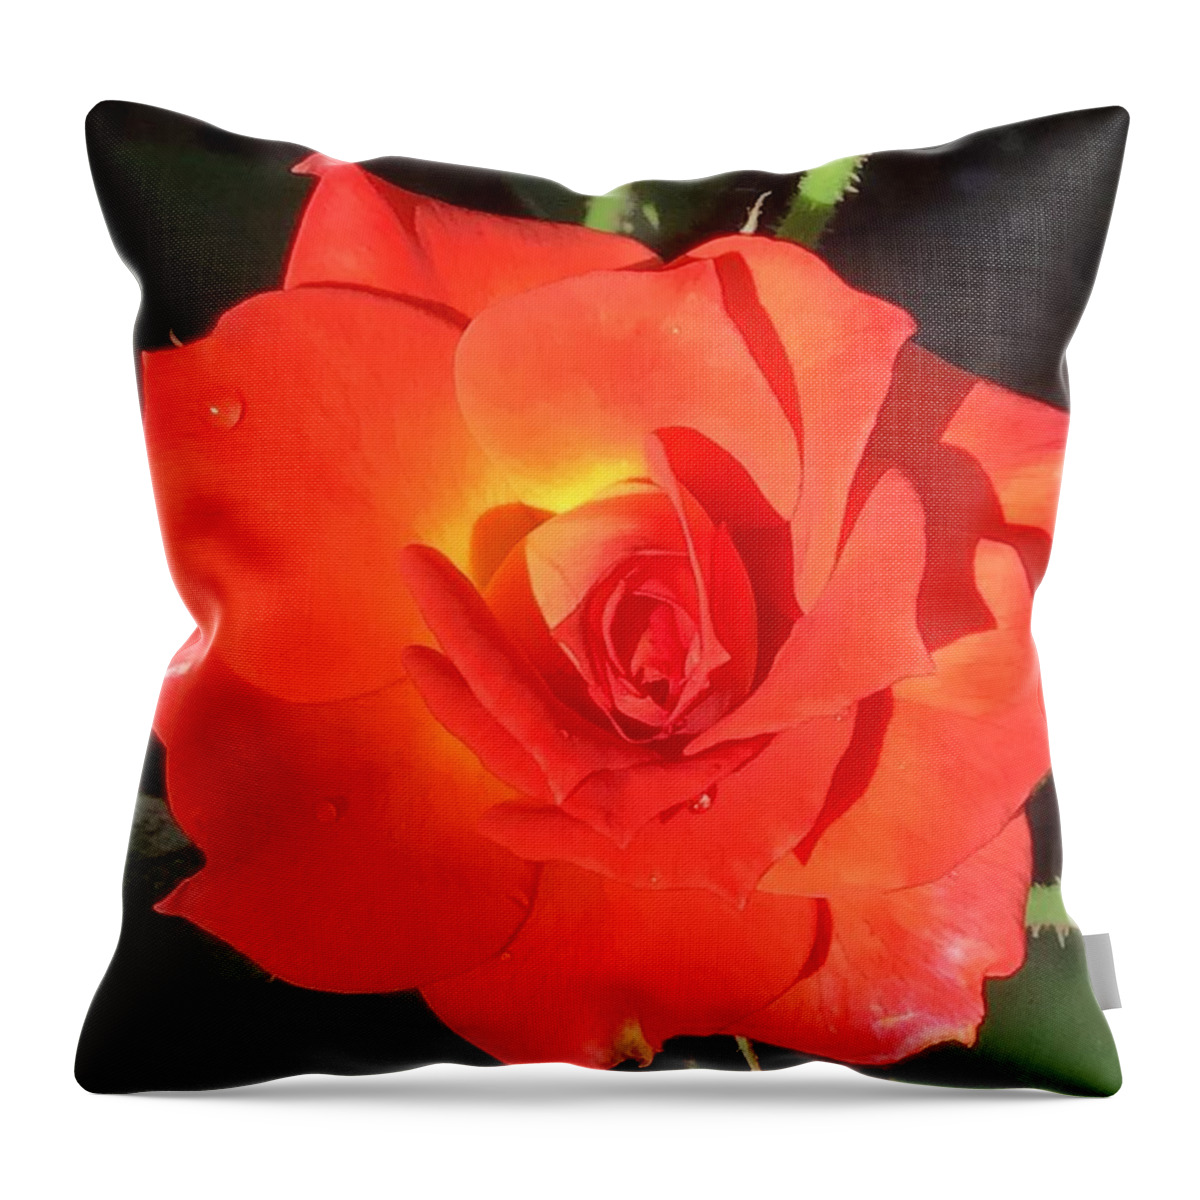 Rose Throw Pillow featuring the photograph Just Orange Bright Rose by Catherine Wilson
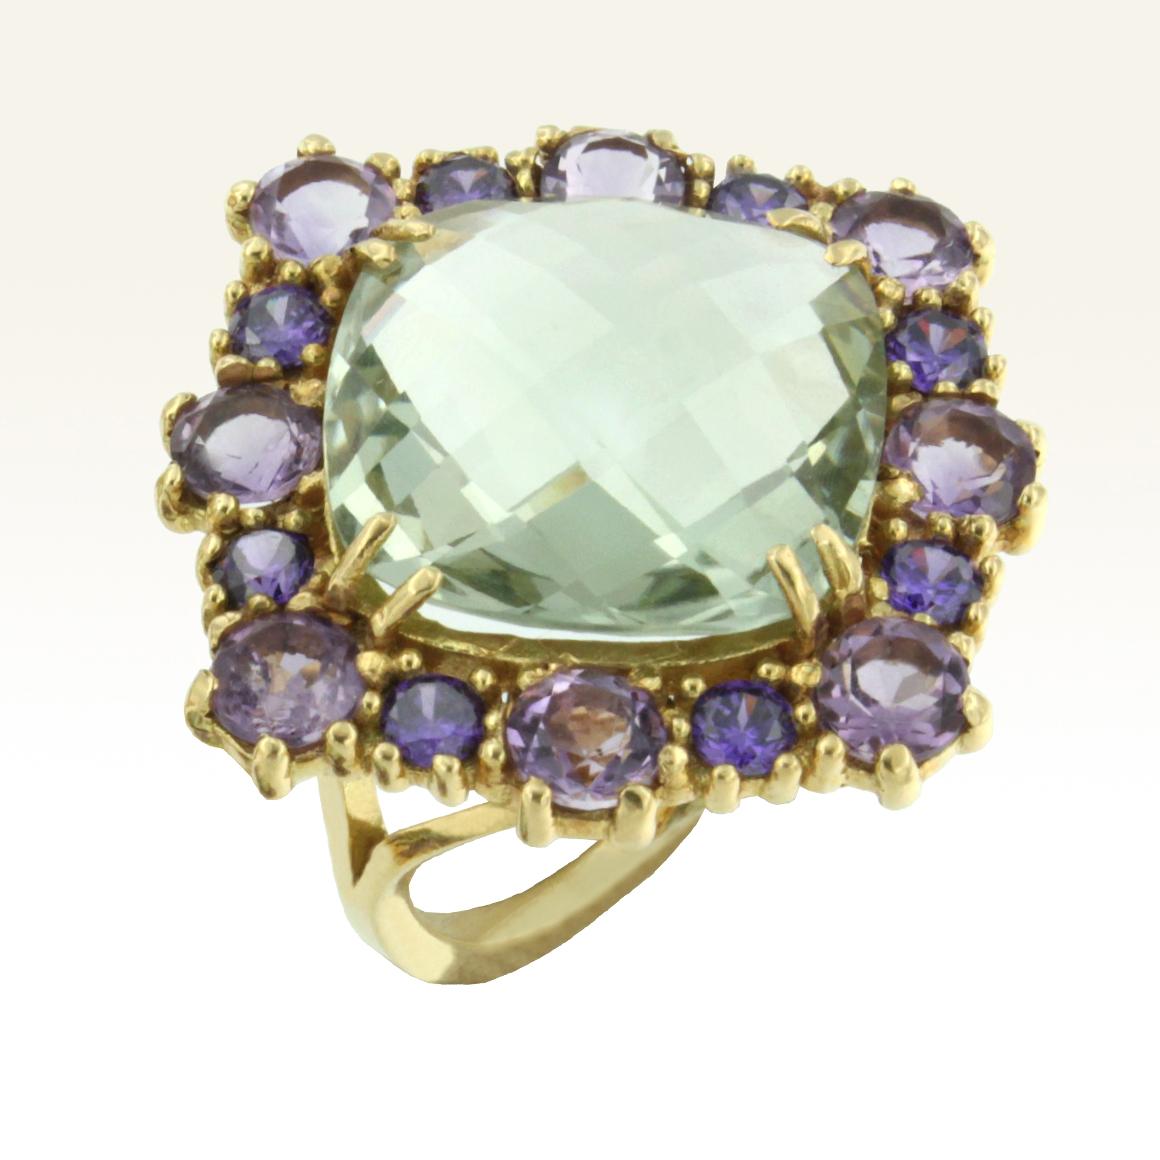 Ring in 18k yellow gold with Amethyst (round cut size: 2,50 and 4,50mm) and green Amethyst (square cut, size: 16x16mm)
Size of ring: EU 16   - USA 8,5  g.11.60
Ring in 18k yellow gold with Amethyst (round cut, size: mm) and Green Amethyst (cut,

* [EXERCISE INSTRUCTIONS]
Nothing before the line containing "Size of ring: EU" should be repeated; repeat that line and all later lines through the end of the data above, exactly.

* [RESPONSE]
Size of ring: EU 16   - USA 8,5  g.11.60
Ring in 18k yellow gold with Amethyst (round cut, size: mm) and Green Amethyst (cut,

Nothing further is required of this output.